Francisco critica o atual sistema econômico:
"esta economia que mata"
porque prevalece a "lei do mais
forte". Ele volta à cultura do "descartável" que criou
"algo novo" e dramático:
"Os excluídos não são 'explorados',
mas resíduos, 'sobras'" (n. 53). Enquanto não se resolverem
radicalmente os problemas dos pobres, renunciando "à autonomia absoluta
dos mercados e da especulação financeira e atacando as causas estruturais da
desigualdade social – insiste –, não se resolverão os problemas do mundo e, em
definitivo, problema algum". E indica na "desigualdade social" as raízes dos males sociais.
A Igreja não pode ficar indiferente a tais
injustiças. "A economia não pode
mais recorrer a remédios que são um novo veneno, como quando se pretende
aumentar a rentabilidade reduzindo o mercado de trabalho e criando assim novos
excluídos". Ele dedica páginas à denúncia da "nova tirania invisível, às vezes virtual"
em que vivemos, um "mercado
divinizado", onde reinam a "especulação
financeira", "corrupção
ramificada", "evasão fiscal
egoísta" (n. 56).
2. Pressuposto básico: Deus na história e o divino no
humano.
O Deus do cristianismo é um Deus da história,
quer dizer, age nas entranhas dos fatos e dos acontecimentos. O Deus da vida,
mistério de infinito amor, não faz mágica.

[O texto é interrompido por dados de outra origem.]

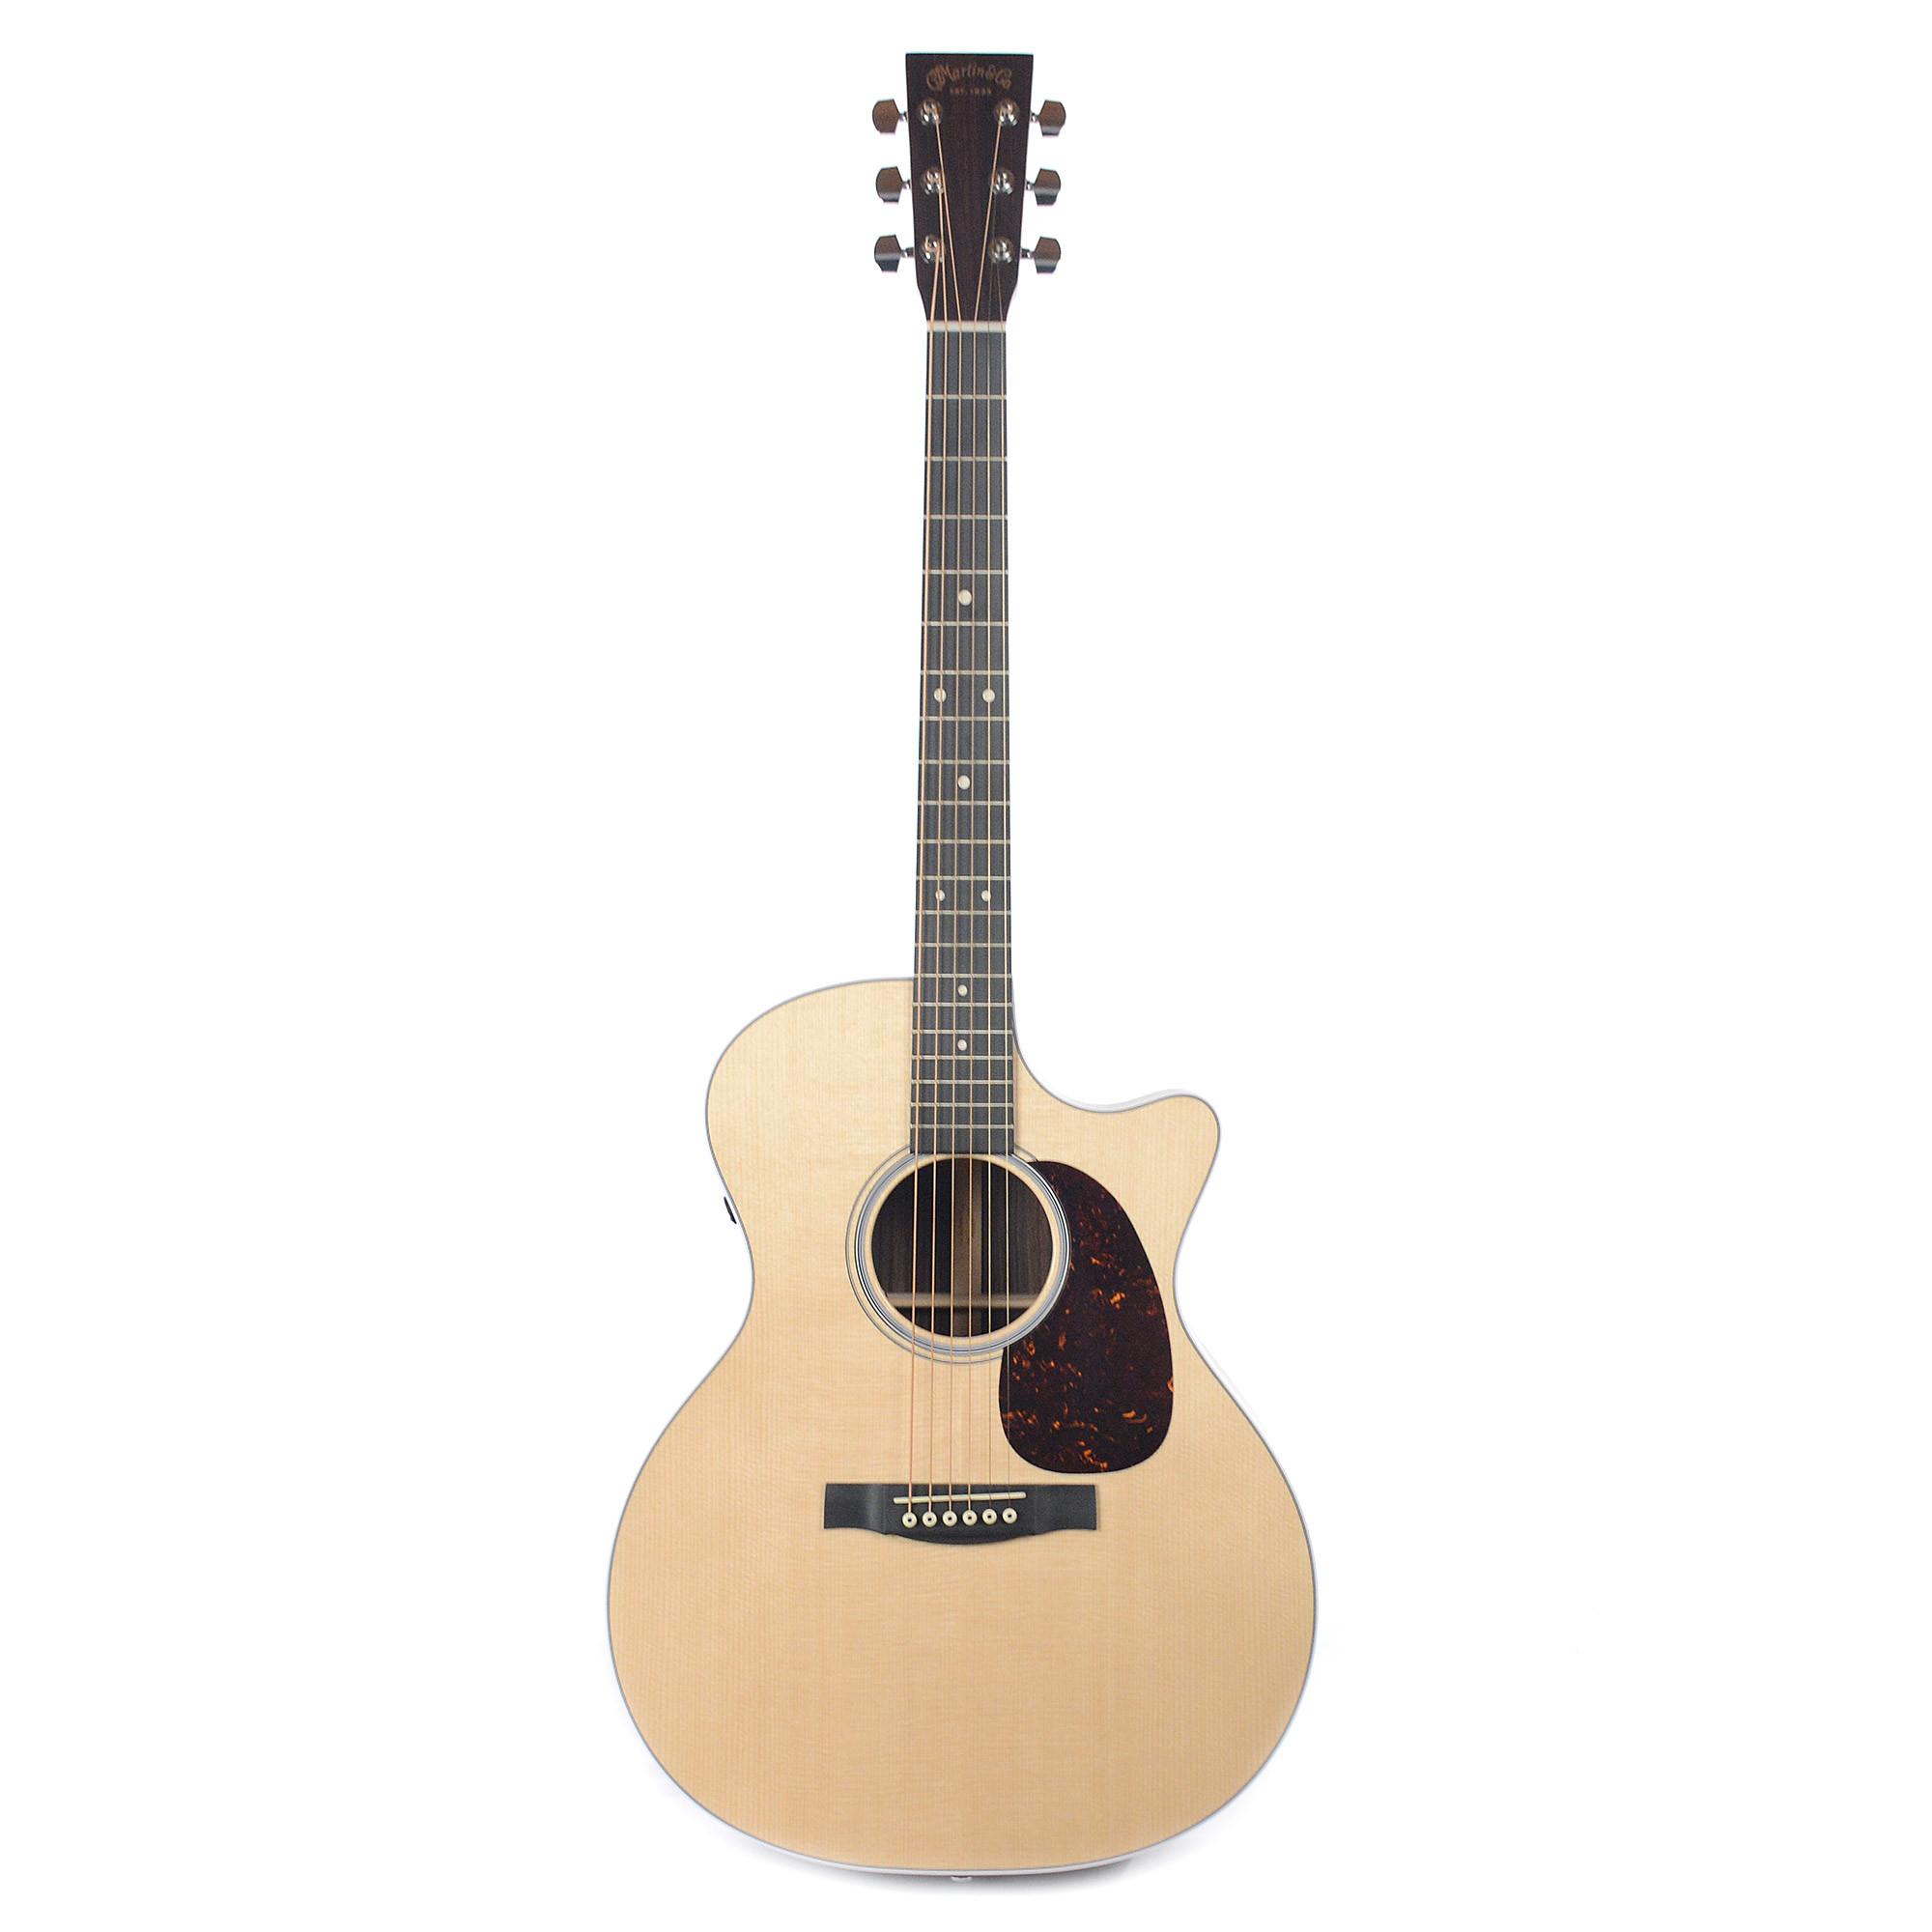 Martin guitar clipart.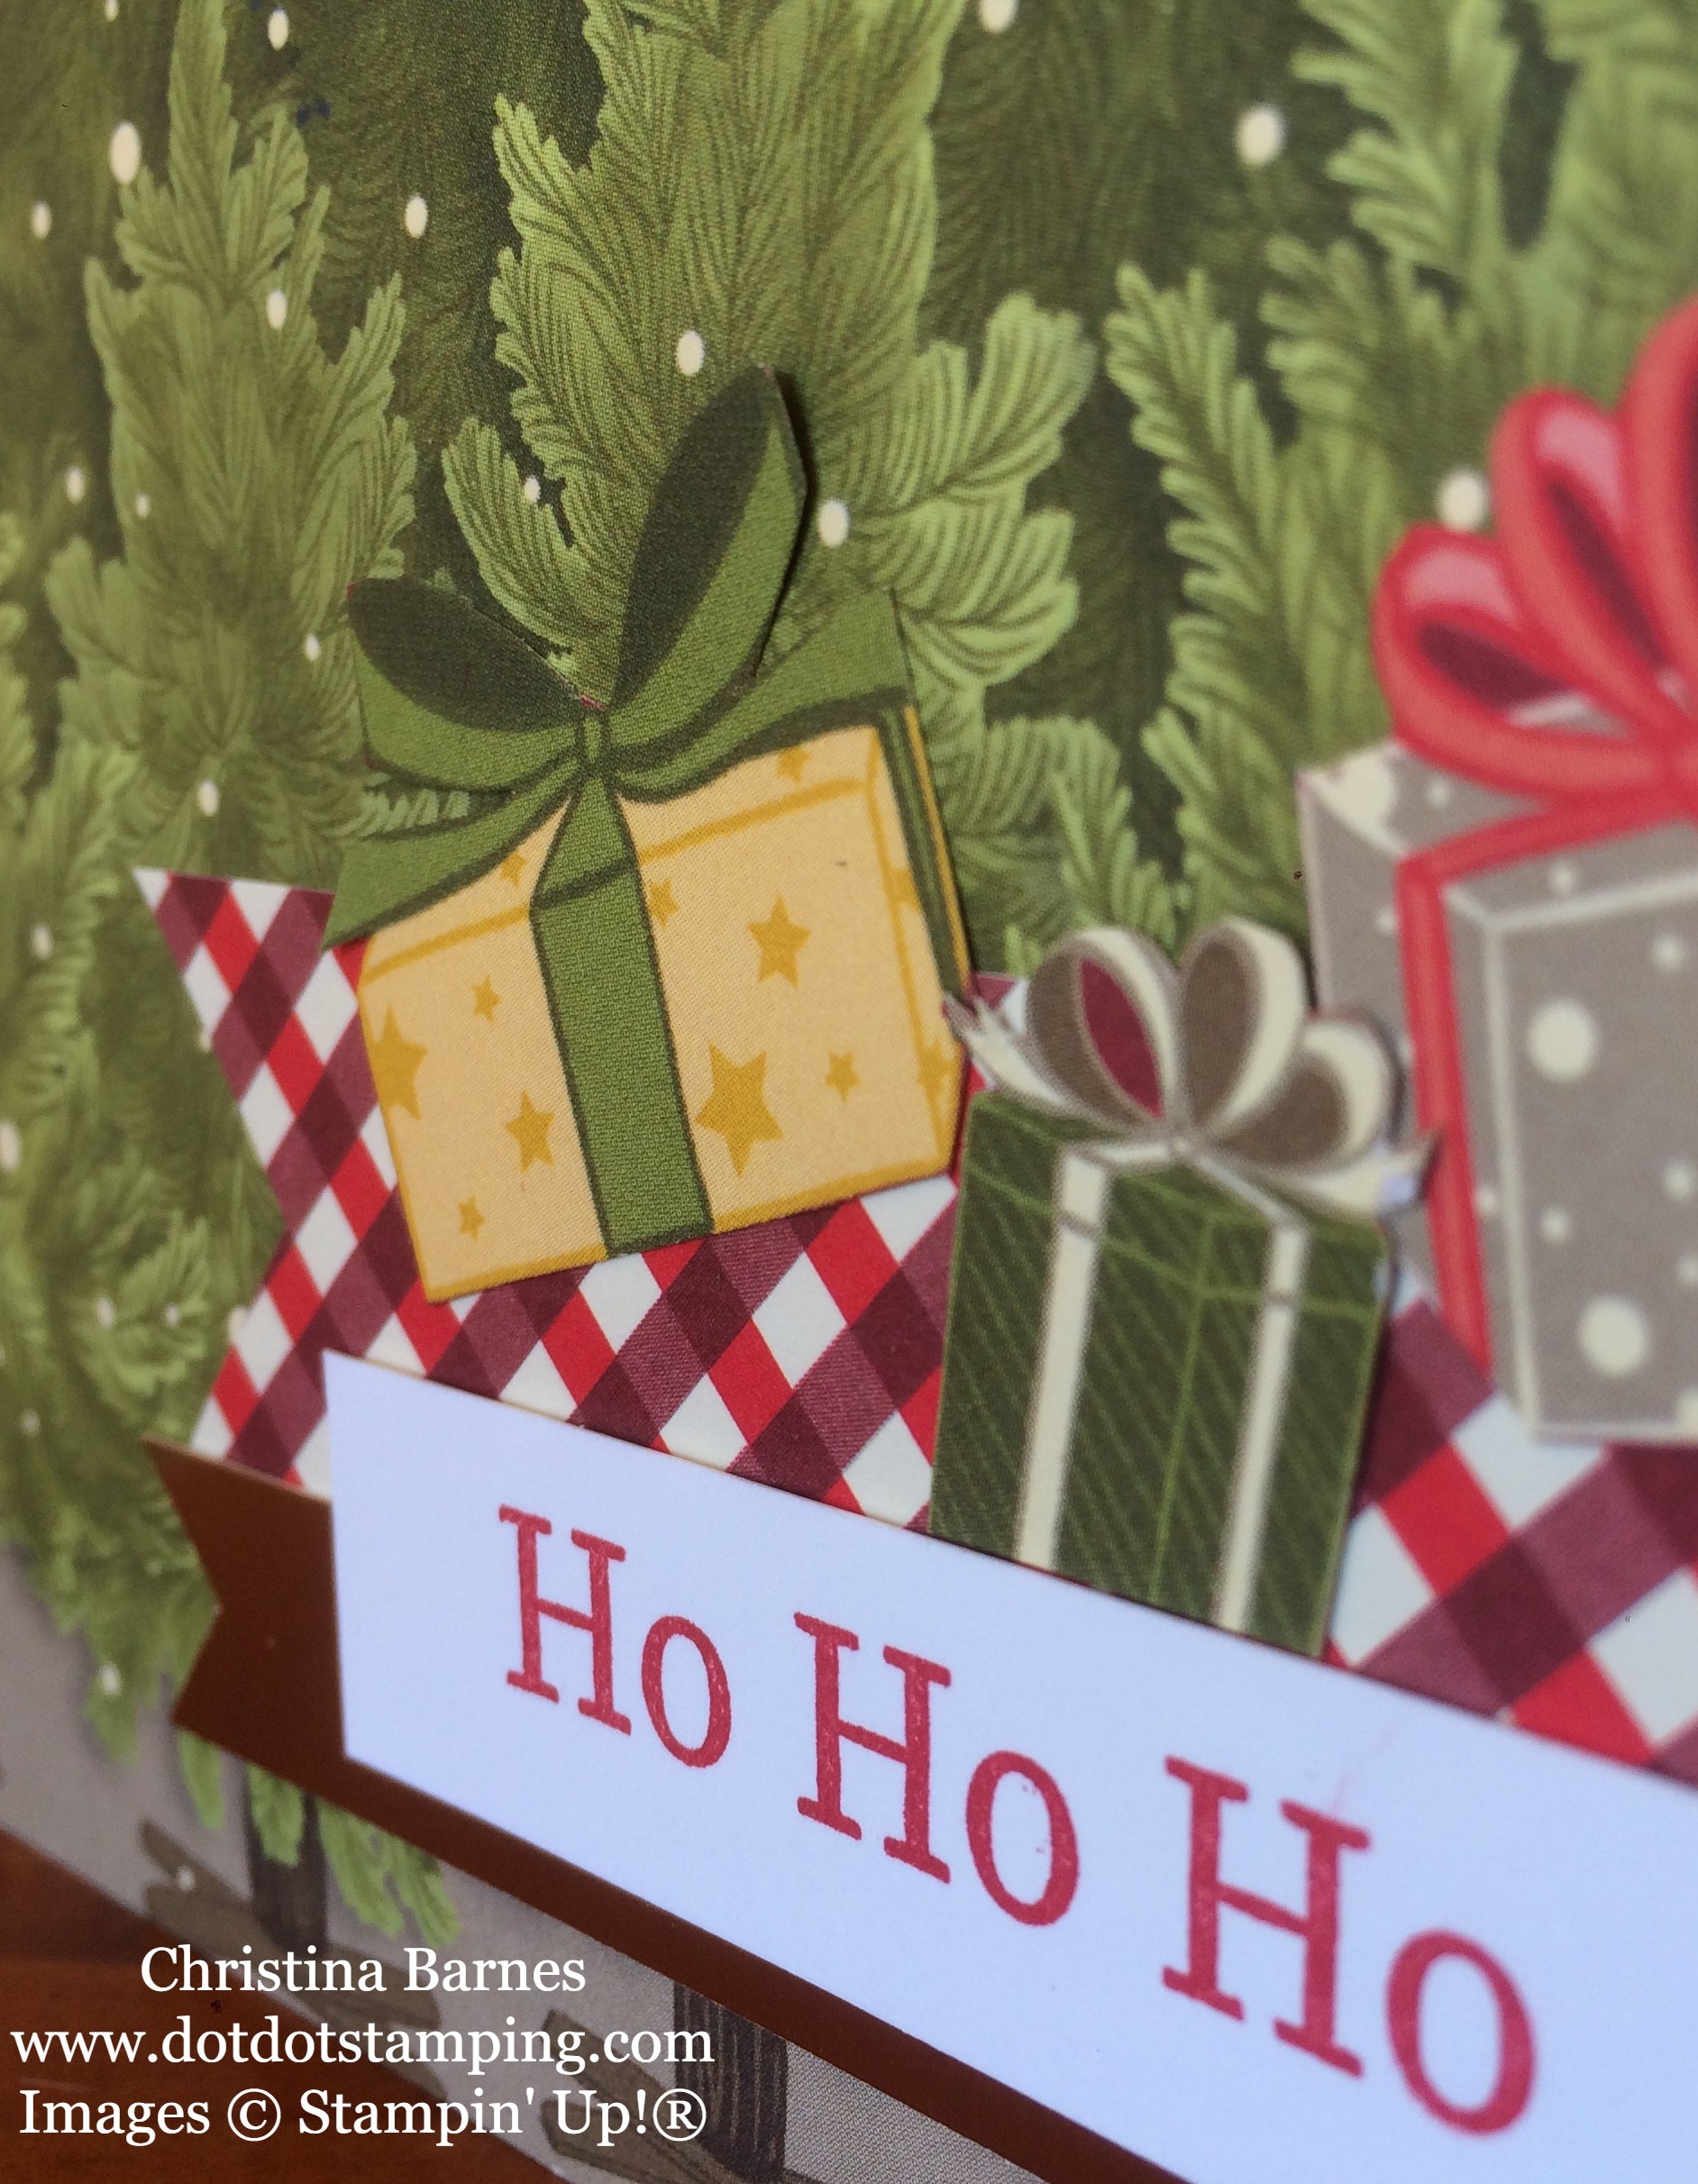 Night Before Christmas Designer Series Paper Card 2 Stampin' up! 2019 Holiday Catalogue Christina Barnes Dot Dot Stamping

Desde que Deus, por infinito amor à
humanidade, se encarnou-se, o divino está no humano.
O Concílio de Calcedônia, no ano de 451,
reconheceu Jesus Cristo com “natureza” divina e humana. O
apóstolo Paulo reconhece que Jesus de Nazaré é o Cristo, filho de Deus, mas
“nascido de mulher” (Gal 4,4), ou seja, humano como nós desenvolveu seu
infinito potencial de humanidade. “Jesus, de tão humano, se tornou divino,”
dizia o papa João XXIII.
“Não é ele o filho de Maria e Jose?”.
Progressivamente, na Galileia, Samaria e Judéia, Jesus se revela, à primeira
vista, em aparentes contradições, mas, no fundo, com tal equilíbrio que chama a
atenção de todos. Assim, ele testemunha que Deus é mais interior a nós do que
imaginamos. A mística “encarnatória” revela a pessoa humanamente divina e
divinamente humana. “Quem me vê, vê o Pai”.
Jesus, antes de se tornar mestre, foi
discípulo. Antes de ensinar, aprendeu muito com muitos: com Maria e José, com o
povo da sinagoga, com os vizinhos, amigos, com os acontecimentos históricos,
com a natureza etc.
Somos discípulos/as de Jesus Cristo, um jovem
camponês, da periferia, que foi condenado à pena de morte pelos podres poderes
da política, da economia e da religião. Somos discípulos/as de um mártir. Feliz
quem não esquece a vida, o testemunho e o ensinamento dos mártires.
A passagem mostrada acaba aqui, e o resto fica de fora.